High-Resolution Electron Microscopy

About this book

This new fourth edition of the standard text on atomic-resolution transmission electron microscopy (TEM) retains previous material on the fundamentals of electron optics and aberration correction, linear imaging theory (including wave aberrations to fifth order) with partial coherence, and multiple-scattering theory. Also preserved are updated earlier sections on practical methods, with detailed step-by-step accounts of the procedures needed to obtain the highest quality images of atoms and molecules using a modern TEM or STEM electron microscope.

Applications sections have been updated – these include the semiconductor industry, superconductor research, solid state chemistry and nanoscience, and metallurgy, mineralogy, condensed matter physics, materials science and material on cryo-electron microscopy for structural biology.

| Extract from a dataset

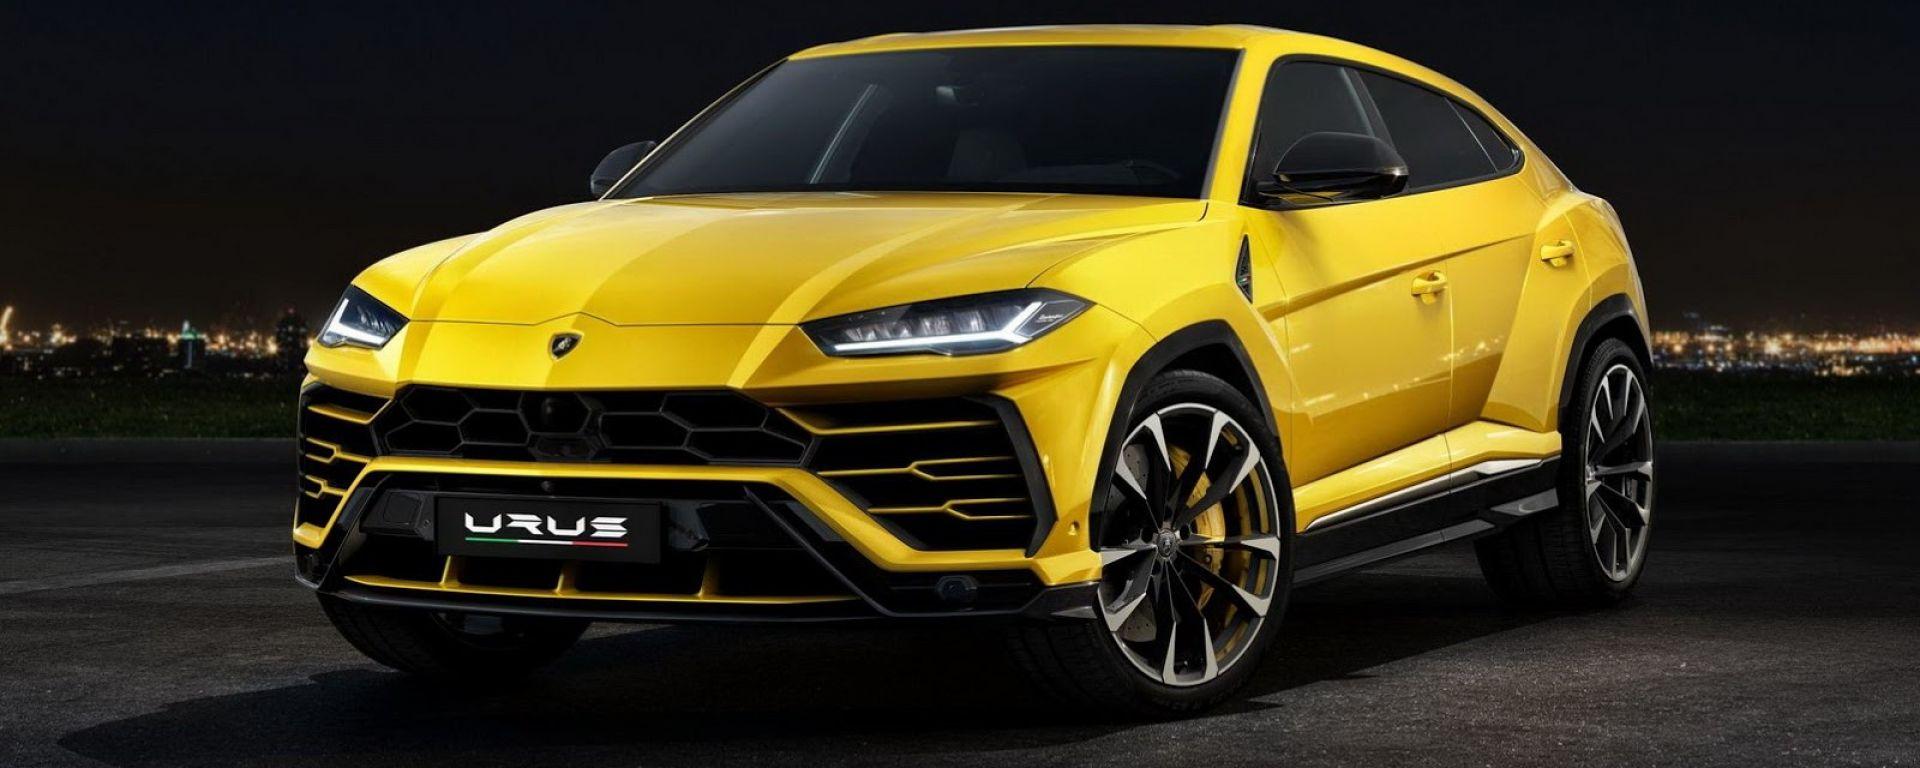 La Lamborghini  Urus ai raggi X: tutto sul nuovo super suv

New or expanded sections have been added on electron holography, aberration correction, field-emission guns, imaging filters, super-resolution methods, Ptychography, Ronchigrams, tomography, image quantification and simulation, radiation damage, the measurement of electron-optical parameters, and detectors (CCD cameras, Image plates and direct-injection solid state detectors). The theory of Scanning transmission electron microscopy (STEM) and Z-contrast are treated comprehensively. Chapters are devoted to associated techniques, such as energy-loss spectroscopy, Alchemi, nanodiffraction, environmental TEM, twisty beams for magnetic imaging, and cathodoluminescence. Sources of software for image interpretation and electron-optical design are given.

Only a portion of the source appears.